I think homeschooling is just a bit like marriage in that you can't really know what it's like until you are there. You can imagine how it will be. You can see how it is for other people. But until you've lived it yourself, you can't really know.
Being a public school teacher for so many years, I had a small vision of what homeschooling would look like. Now you should know I had never set foot into another homeschooler's house when we started. All I knew is that my oldest daughter had been struggling in school since she started and I thought "I could do better." So we did it.
We are not the statistical family whose children all went to college at the age of 12. Nope. Normal family over here! But what I didn't know is there is SO MUCH MORE to homeschooling than the academics. Here are some things I discovered:
Your children can learn to be friends
Kids who get enough sleep are healthier
If someone is sick, you can choose to stop school for the day, or continue school for the healthy ones, or just do some school. The call is yours. No more making those horrible dawn decisions trying to decide if the child is sick enough to stay home
If life hands you a disruption (a move, a new baby, etc.) you can just suspend school for a bit. Really. Pick it back up later. Live life.
Your kids will have time to play with their toys, enjoy their yard, and use their imagination.
There is no homework (unless you want there to be)
Your family will have free evenings together (or mornings if you do school in the evenings)
You can travel anytime of the year, off-season is cheaper!
The school calendar will not run your life. YOU make the calendar!
No worries about tardies, absences, excuse notes, or needing to pull kids out of school early for things. You just make up those days as you decide.
Your children will know their community better because they will truly live in it. They will go to the post office, the store, the library, the museums during the day.
Do you know who is out during the day? Older citizens and mothers with young children. You will like this crowd.
Places are less crowded when public school is in session. This makes for easier errand running. We prefer to do our errands early in the day and then work on school.

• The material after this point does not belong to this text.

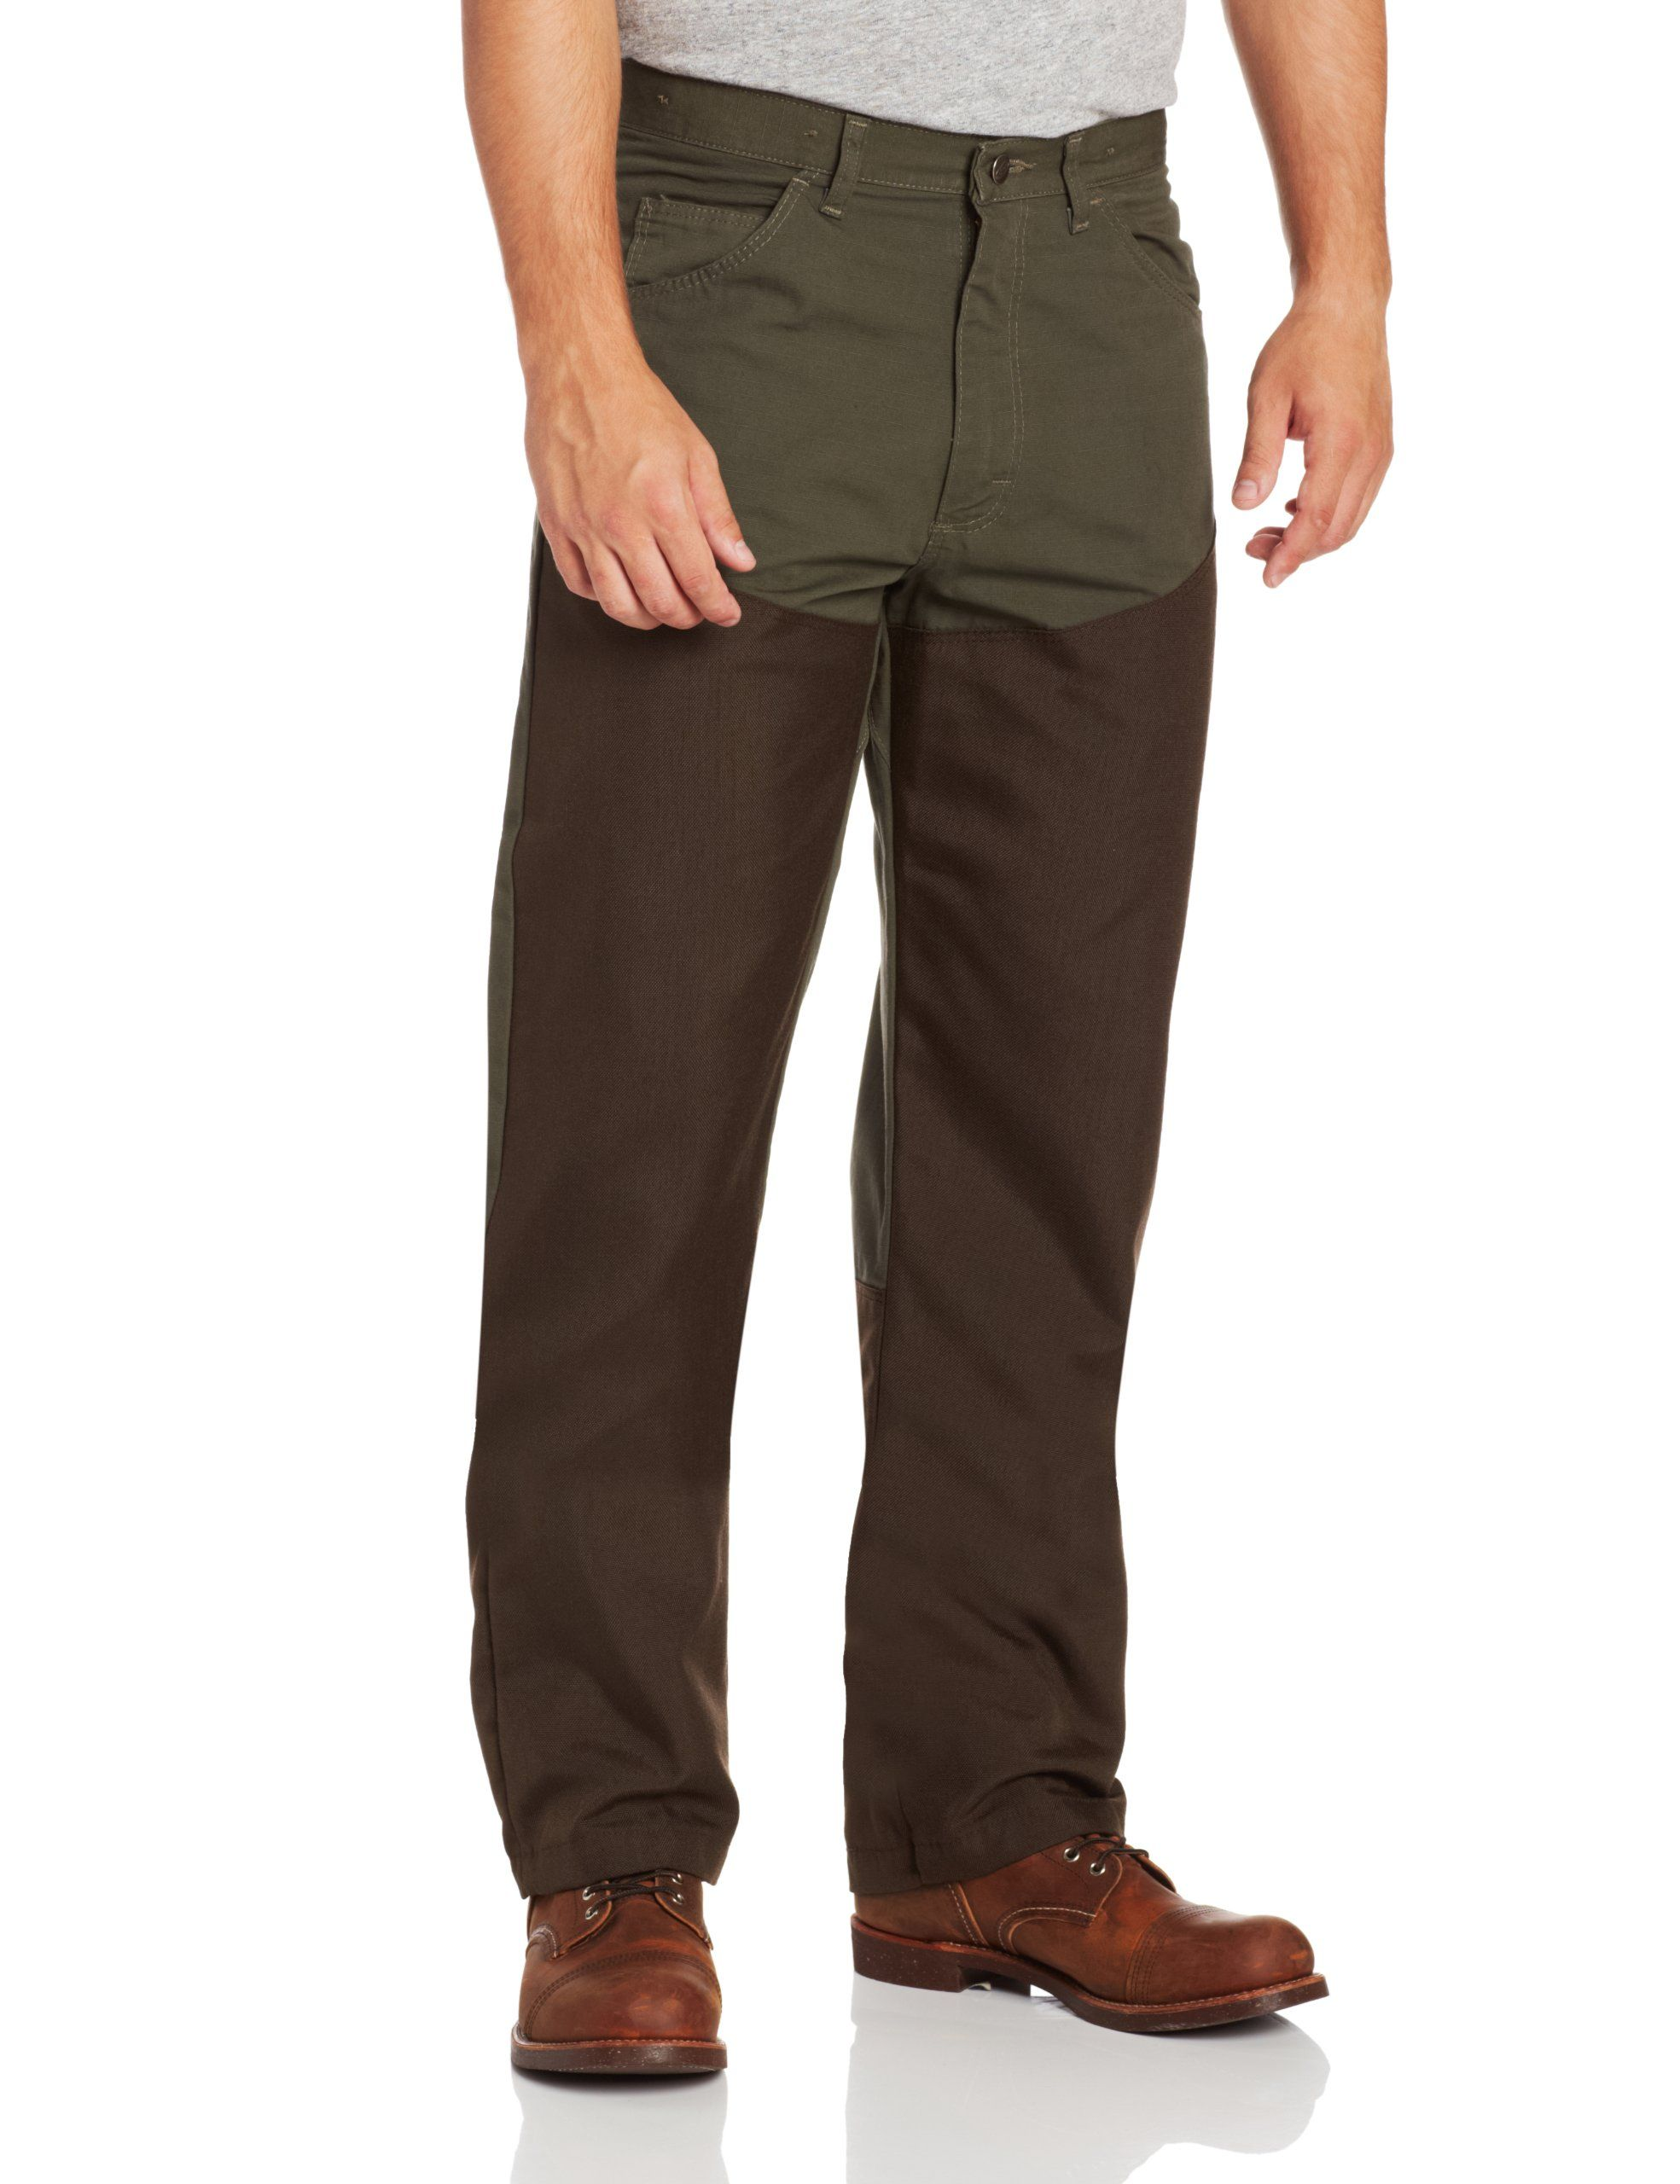 67b503cd93415 Amazon- Wrangler Men's ProGear Upland Jean at Amazon Men's Clothing store:  Briar Pants

You will have more help with the housework as chores will be a part of daily life. Therefore your children will learn skills they never would learn at school. My kids have been making their own lunches for years. We had time for them to learn how and lots of practice.
You can chase rabbit trails. Is your child very interested in the space program? Make watching a launch part of your school day! Then set the science book aside for the day and read and learn about the space program together.
You can spend hours and hours reading with your children snuggled up on the couch. This is some of the best learning there is.
If your child isn't feeling well, they can lay in their own bed or on the couch right there by you, instead of a paper-covered hard nurse's bed in the school clinic.
You can feed them healthy foods.
No worries about their safety at school.
Kids have too much energy? Stop school and send them outside to play or swim and run off some energy. Then try the school work again. You will get better results!
No parent/teacher conferences.
You can still have Open House! We had that for years! More on that later.
You can get involved with other homeschool families and share the teaching burden. Maybe your friend is great at science but you are super at teaching writing. Swap kids and do it!
If your family runs a farm or has a business, homeschool can work around those needs.
Basically, you will have flexibility, more time together, and fewer worries because your kids are right there with you. There are so many more benefits than just the academics!
Pandemic Edit: Since reading a few of our local school district's plans for brick and mortar and online learning this next school year, I will add a few more benefits here: Not having to be tied to the computer all day, being sure to log in at the correct times to receive attendance. Working and talking alongside others while you learn. Seeing your parent smile at you. Clearly understanding spoken directions and being able to read your teacher's facial expressions. Eating your meals with other people at the same table. Not having to remember a list of new safety rules. Oh, there are so many benefits!